Scholtus, N., Leclerc, E., DeDonato, P., Morel, J.L., Simonnot, M.O.
European journal of soil science 2009 v.60 no.1 pp. 71-83
EDTA (chelating agent), acetates, calcite, carbonates, chemical reactions, chromatography, civil engineering, clay minerals, dolomite, ground cover plants, histidine, mathematical models, parents, prediction, quartz, rocks, soil, soil formation, soil solution, solubilization, solutes, water filters, weathering
Excavation of geological materials by civil engineering operations generates fresh parent rocks that are transferred from the deep layers to the surface in a very short time. Thus they are exposed to pedogenetic factors. Prediction of the characteristics and functioning (e.g. plant support and water filter) and impacts of the newly formed soils requires the knowledge of the pedogenetic processes affecting the parent materials (i.e. weathering, transport and neoformation).

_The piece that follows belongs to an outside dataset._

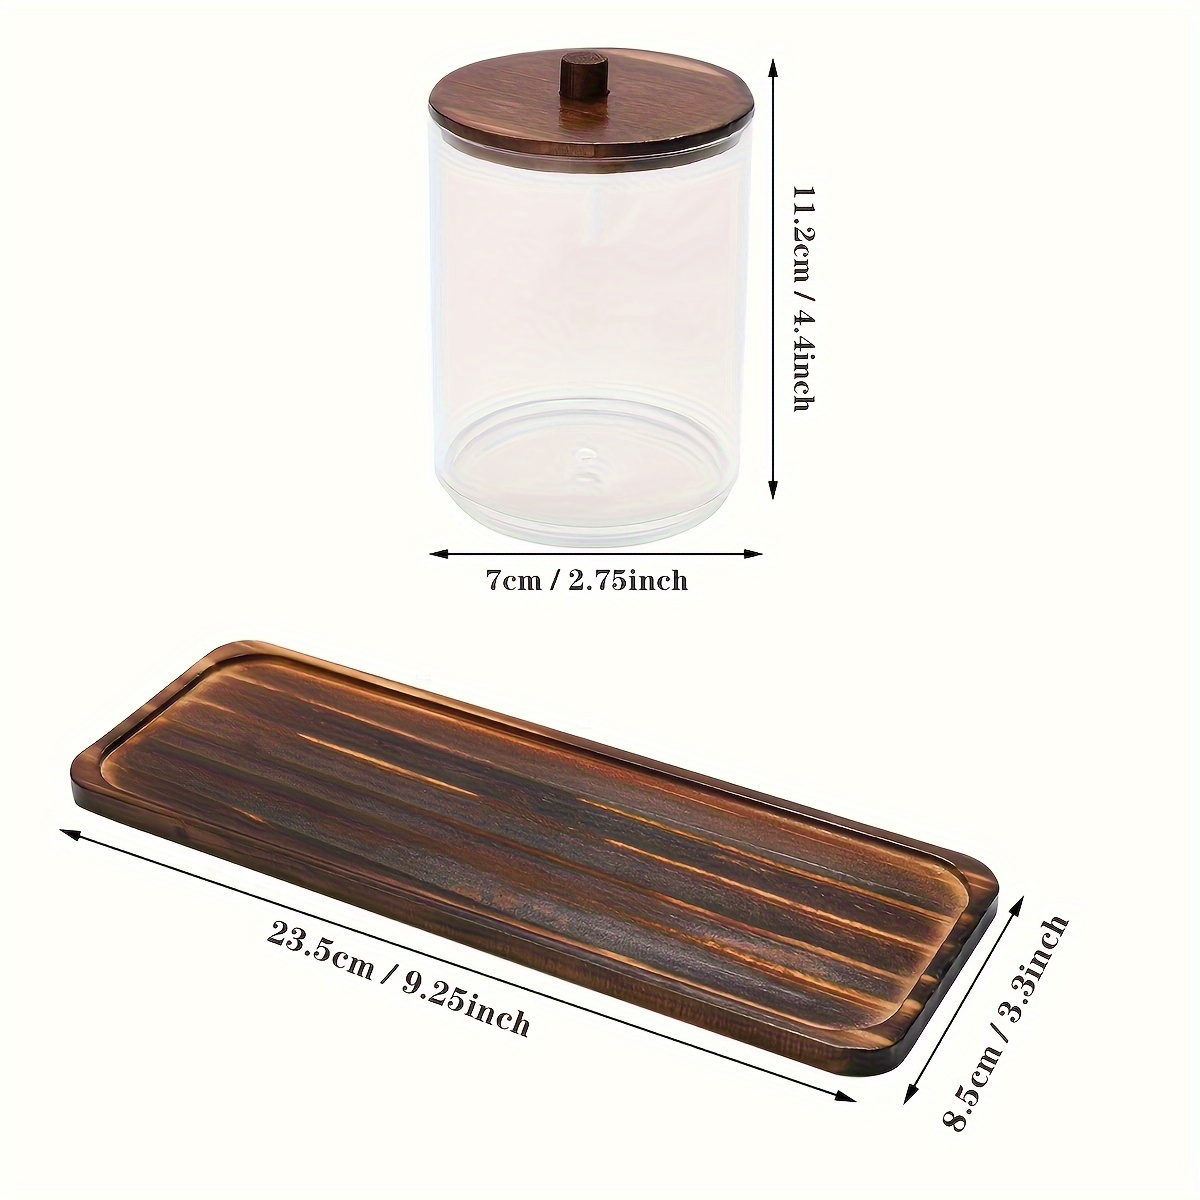 3pcs Cotton Swab Holder Dispenser With 1pc Tray, Retro 10 Oz Bathroom  Organizers And Storage Containers, Clear Plastic Apothecary Jars With Wood  Lids

Reactive transport is here used to assess weathering processes of geological materials produced from the excavation of an underground laboratory in the Callovo-Oxfordian (COx) layer, subsequently disposed of on the soil surface and covered with plants. The COx layer (c. 150-100 million years) is mainly composed of quartz, calcite, dolomite and argillite (complex mixtures of phyllosilicates). COx samples collected between -456.6 and -482.5 m were submitted to eluto-frontal chromatography experiments in the presence of simple organic molecules exhibiting a range of chemical reactivity (i.e. acetate, oxalate, histidine and EDTA). Breakthrough curves of compounds contained in the COx material and mathematical modelling allowed the identification of the major chemical reactions taking place during weathering. Results showed that acidic and complexing organic compounds induced the partial solubilization of minerals and in some cases secondary precipitations. The early pedogenesis processes induced a strong release of minerals (Na, Ca, Mg) and transformation of clay minerals. Further evolution of COx material is dependent on the presence of carbonates, leading to carbonated soils such as Calcosols. Reactive transport experiments showed that early pedogenetic processes are of most importance as they produced strong changes in the parent material composition and released significant amounts of solutes into the soil solution.